Fields of Exile by Nora Golds

October 31, 2014

Reviewed by Joey Kary

 

A young girl returns from her spiritual homeland to be with her dying father in the land of her birth, only to find herself in a place where the country she loves has been demonized and hated. In Nora Gold‘s novel Fields of Exile, Judith Gallanter comes back to Toronto from Israel in 2002 after a decade away and takes up her Masters degree in Social Work, to find that perceptions of Israel have shifted while she was gone. A left-wing peace activist in Israel, on an Ontario university campus she feels like a chimera, a combination creature no-one can believe is real. She cannot reconcile her life in Israel and its complexities with the picture put forward by the anti-Zionist activists on campus, and she feels their hatred of her homeland as if it were a palpable thing.

 

Writers gift their character with all the great lines they wish they had used in real life. Those witty replies and devastating rejoinders you always think of the next morning or two days later? - writers put them into the conversations when they replay them in their novels, so that the characters seem cleverer and more articulate than their authors.  Judith isn‘t like that. Strong-willed and outspoken amongst her friends and intimates she is shy amongst others, assertive in bed and tongue-tied in debates. She is terrible at picking her battles; she hesitates when she should speak up and she speaks out at the worst moments. She is a reluctant partisan. Yet these are the qualities and contradictions that make her character real.

 

Judith‘s voice is by turns didactic and lyrical, her view of the world intertwined with imagery from all the books she has read. Anyone who has hung around a university campus past their first degree will recognise the way she talks and feel right at home with her.

 

For a book that is billed as a novel of ideas, however, there is little meaningful debate amongst the characters. The intellectual struggle takes place in Judith‘s own mind, not between herself and others, and there is no strong sincere voice opposed to her beliefs.
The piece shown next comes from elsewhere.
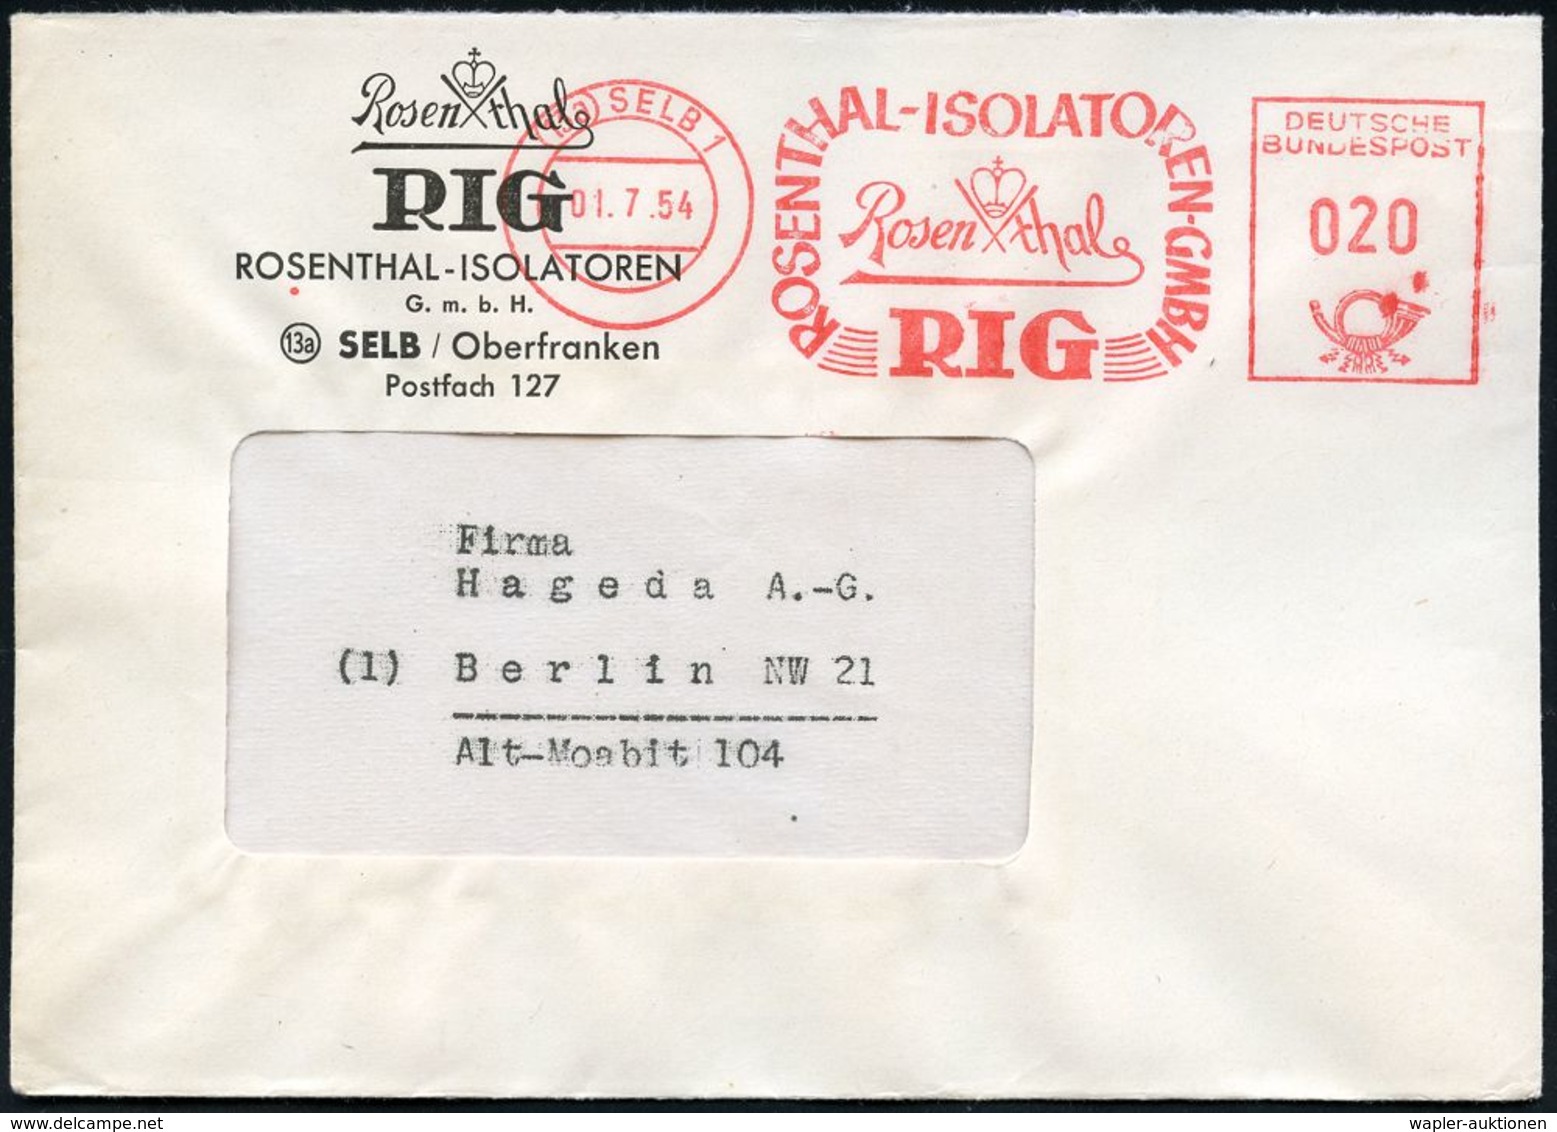 KERAMIK / PORZELLAN / MANUFAKTUREN : (13a) SELB 1/ ROSENTHAL-ISOLATOREN-GMBH/ RIG.. 1954 (1.7.) AFS (Firmen-Logo) Motivg - Porcellana

Her antagonists are either malicious and hateful, ignorant, or else cowardly and sycophantic, afraid of losing tenure and position if they raise their voice.

 

This is not a book about Israel and Palestine or the struggles and problems there. It is a book about Canadian university campuses, about the thorny issue of when and whether anti-Zionism crossess the line to become rascism and bigotry, about the importance that one woman‘s spiritual connection to Israel has in her life and her emotional and intellectual reaction to the hatred that she sees directed against it.

 

Ultimately there is a sense that Judith can never be fully at home in either  Israel or Canada. Canada holds nothing more for her and she wants to make her life in Israel, but she speaks Hebrew with an Anglo-Canadian accent and her most important romance there was with a married Israeli man, as if to suggest that she can love the country but it will never fully belong to her.

 

Some of the strangest and most unbelievable moments of the novel were taken from reality. A person to whom Judith describes her involvement in the Israeli peace movement responds by saying “you mean there are good Jews... I mean good Israelis?” According to an interview with Gold, this was a quote from life. The Faculty of Social Work where Judith gets her degree, at a fictional university whose distance from Toronto makes it seem a lot like McMaster, holds a major event called Anti-Oppression Day, something that for those outside the field seems at first blush as meaningful and relevant as holding an Anti-Evil Day; yet anti-oppression is a significant concept in modern social work training.

 

Reading about the ideological struggles in the book leaves me with an extra level of sadness, because of the knowledge that once the people on campus graduate and move into the working world none of it will matter. From studying anti-oppression, many will go on to get jobs as instruments of social control, working with places like child protection agencies and welfare offices that police their clients rather than empower them. The fights over right and wrong in which they engage will have little meaning in their lives a few years later. But that is my cynical view of social work, one that should not interfere with the enjoyment of  a novel with a passionate intelligent woman at its heart, a reluctant and conflicted heroine who finds herself backed into standing up for what she loves.

 

Fields of Exile is published by Dundurn.